→ Supplied material:

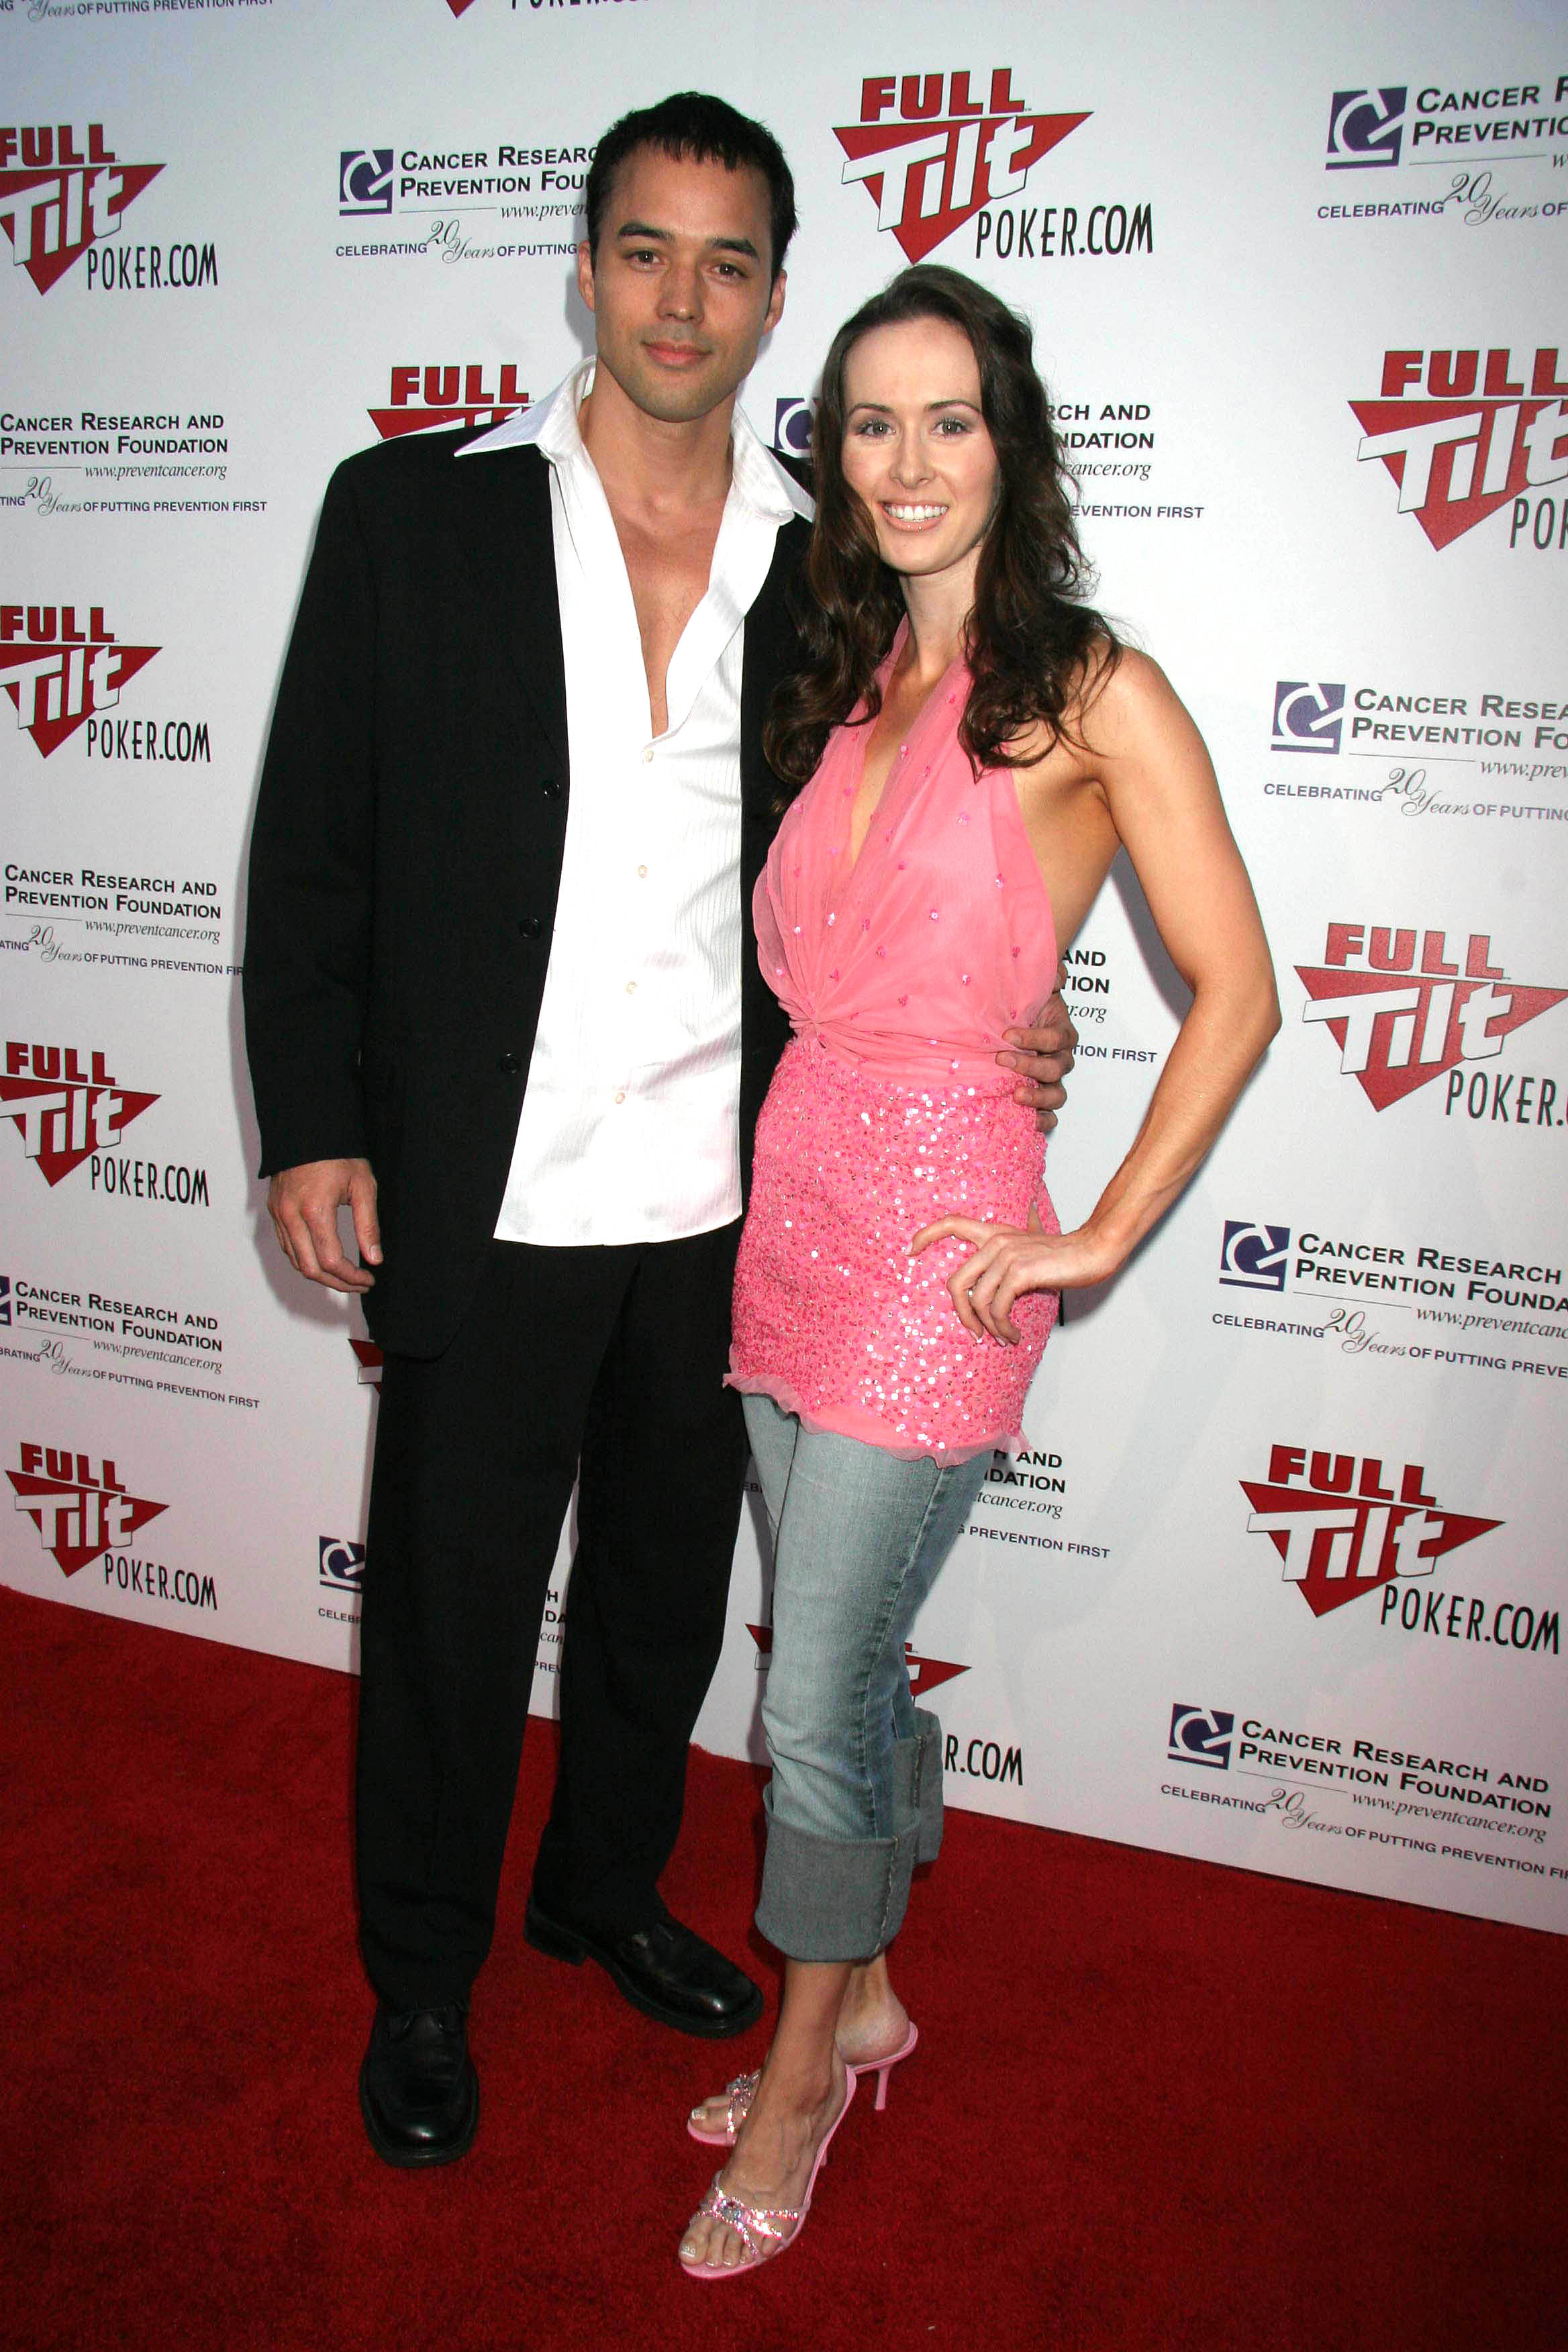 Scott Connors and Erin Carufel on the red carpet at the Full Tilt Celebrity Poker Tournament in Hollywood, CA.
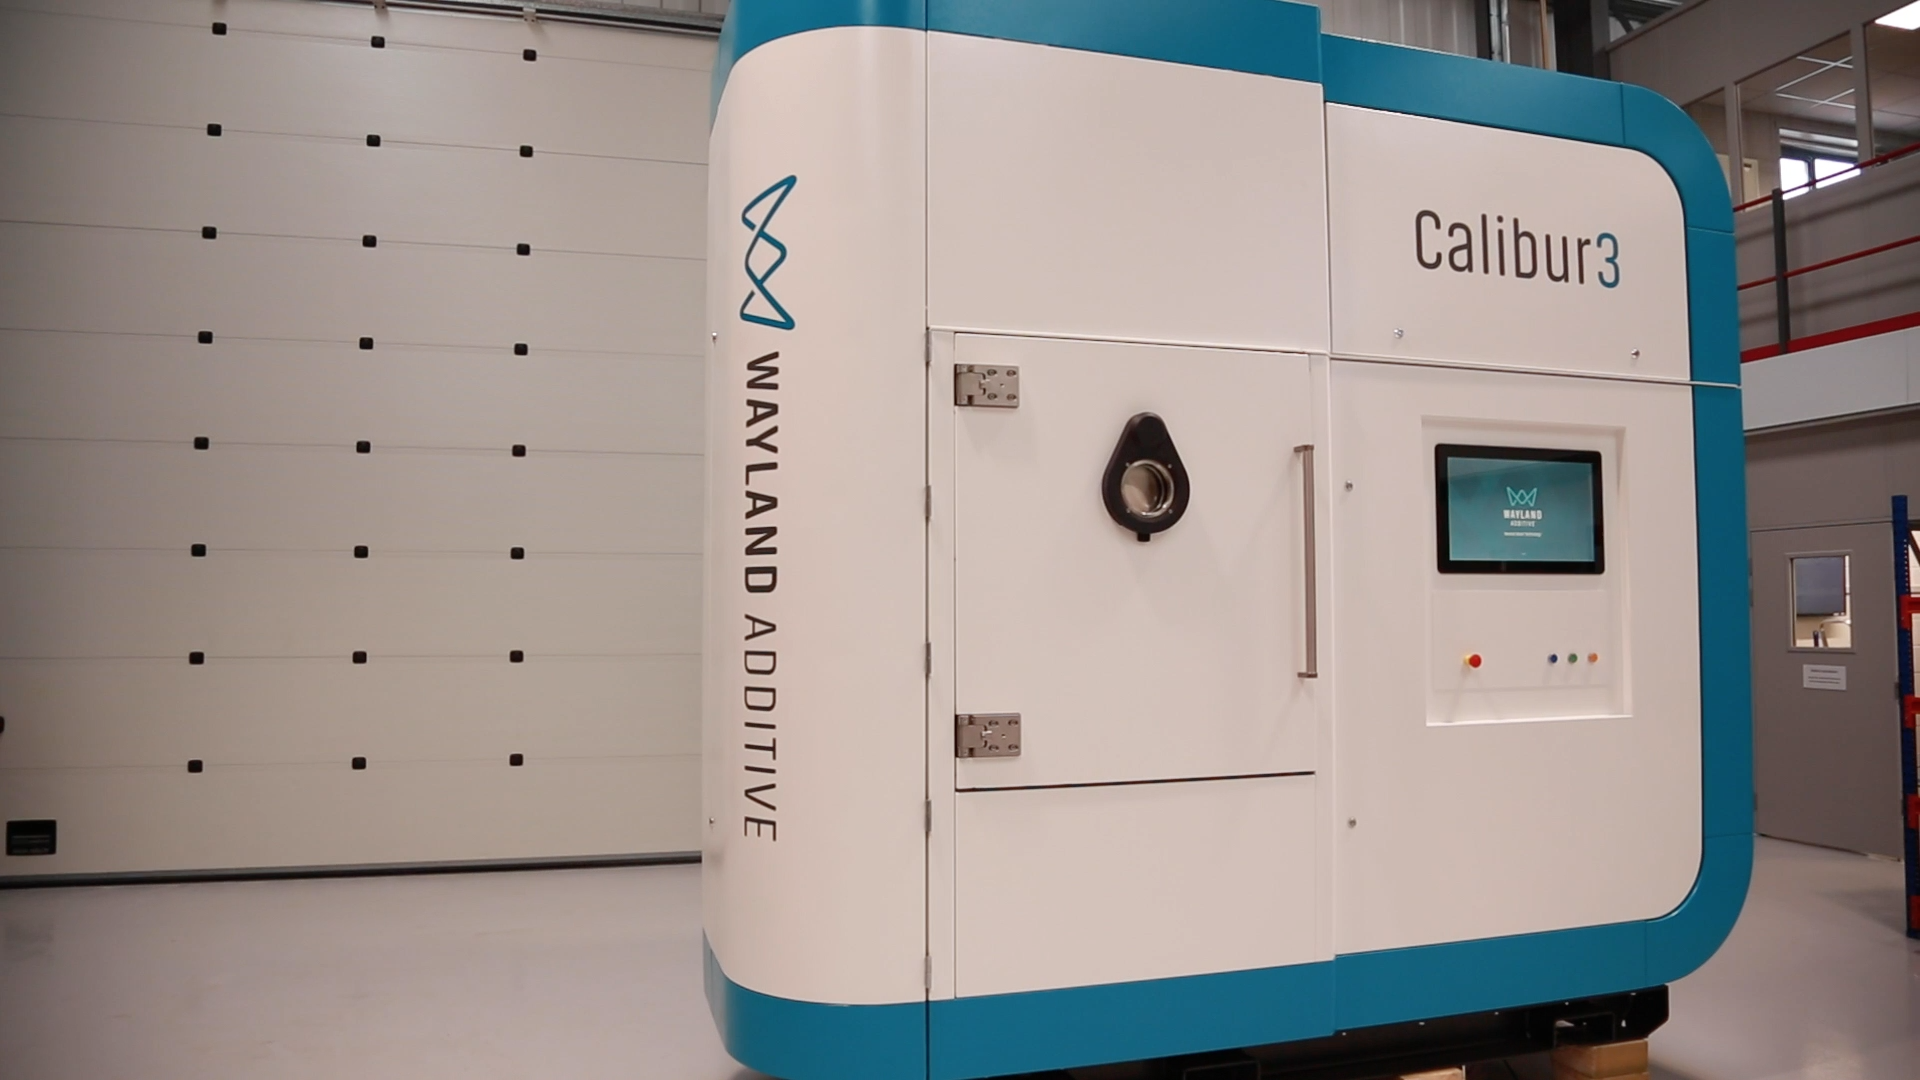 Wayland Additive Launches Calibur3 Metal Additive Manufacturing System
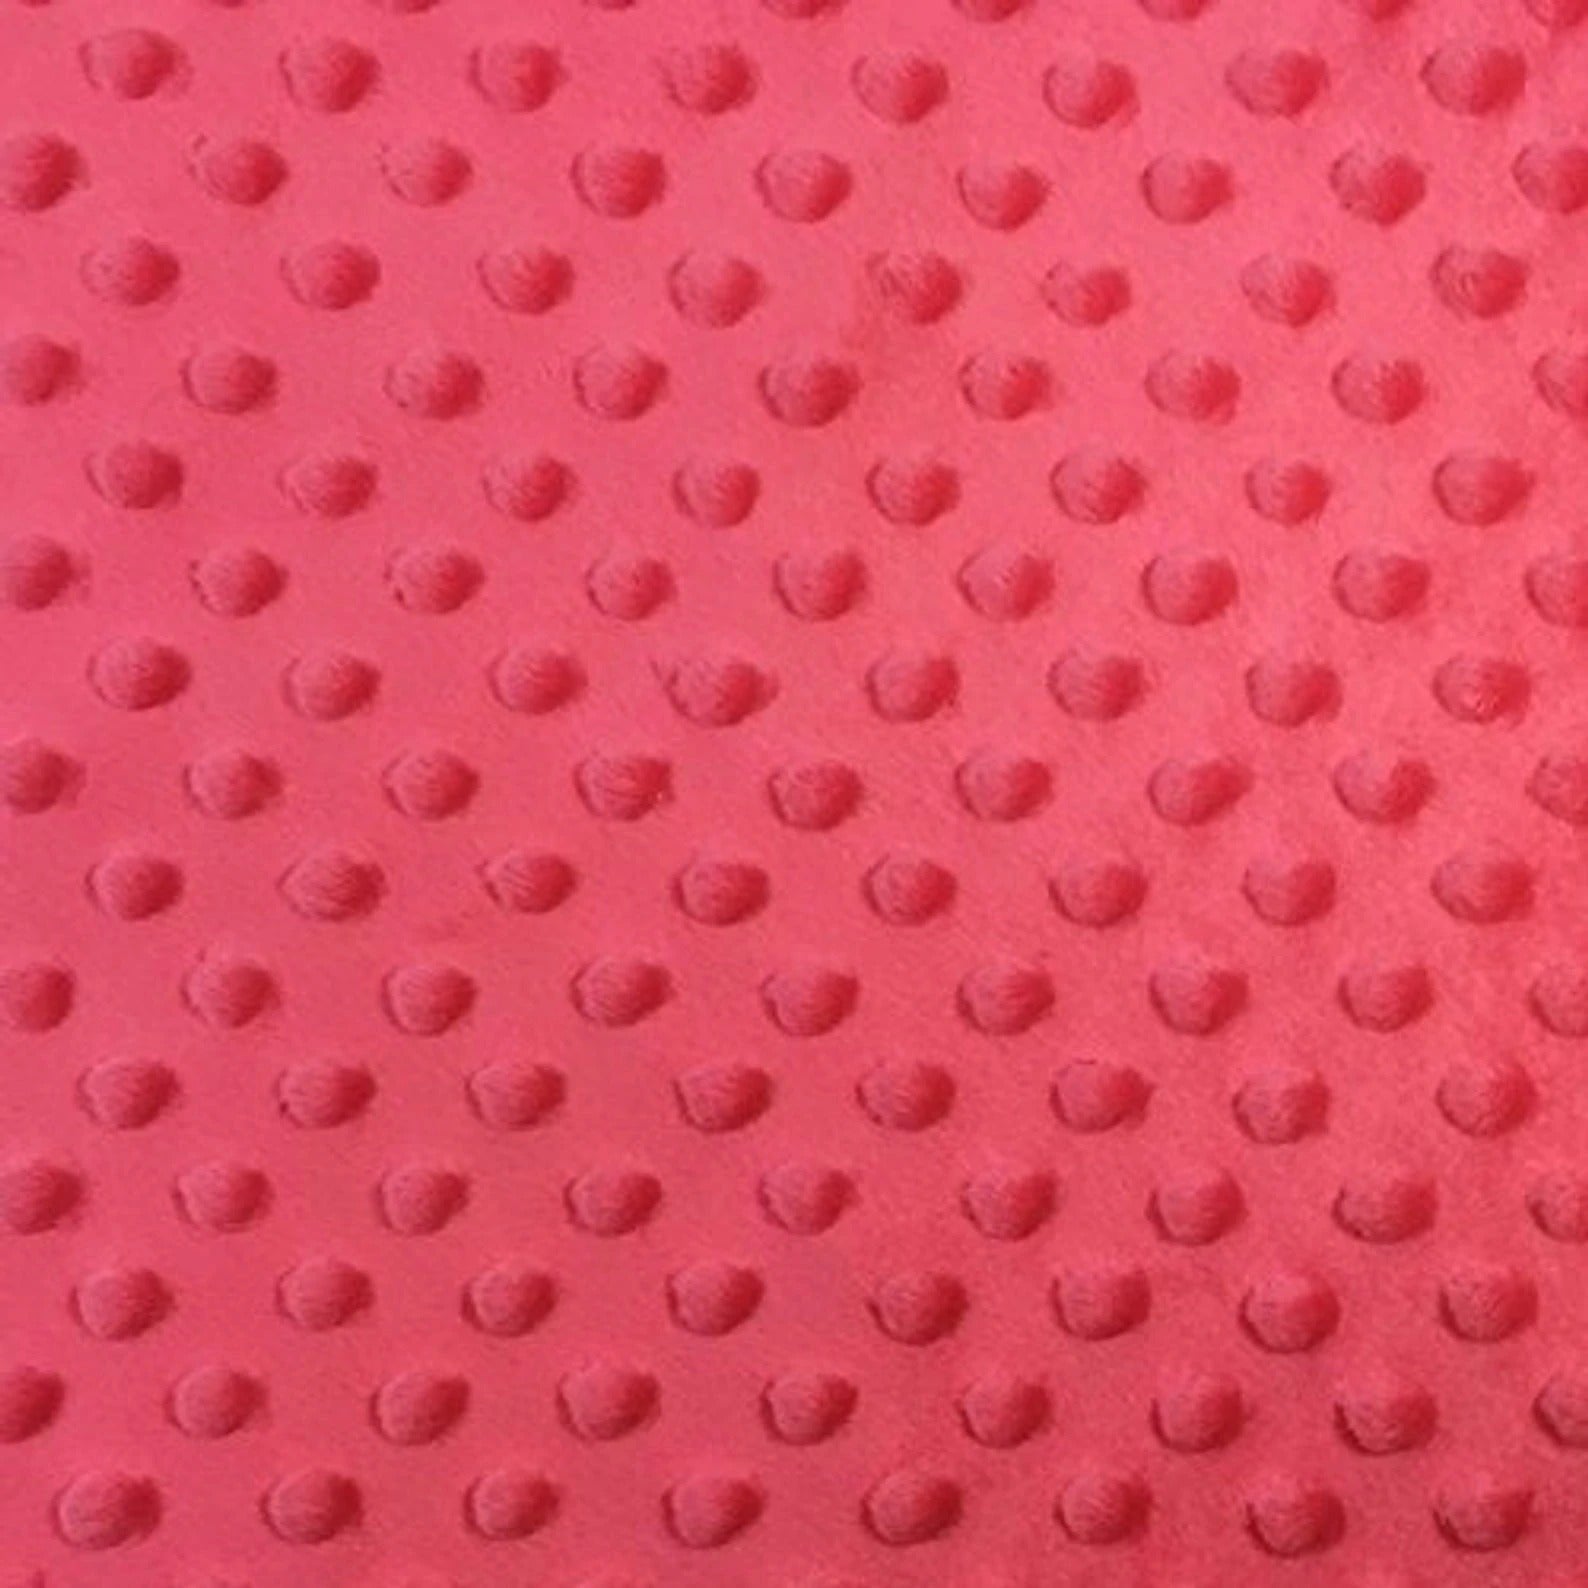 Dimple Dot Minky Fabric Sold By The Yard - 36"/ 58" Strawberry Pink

→ Directions for this task:
Having located the line with "Wayland Additive Launches", transcribe exactly and only the lines from it to the final line of the material, skipping the pictures.

→ Finished task:
 Wayland Additive Launches Calibur3 Metal Additive Manufacturing System
 Dimple Dot Minky Fabric Sold By The Yard - 36"/ 58" Strawberry Pink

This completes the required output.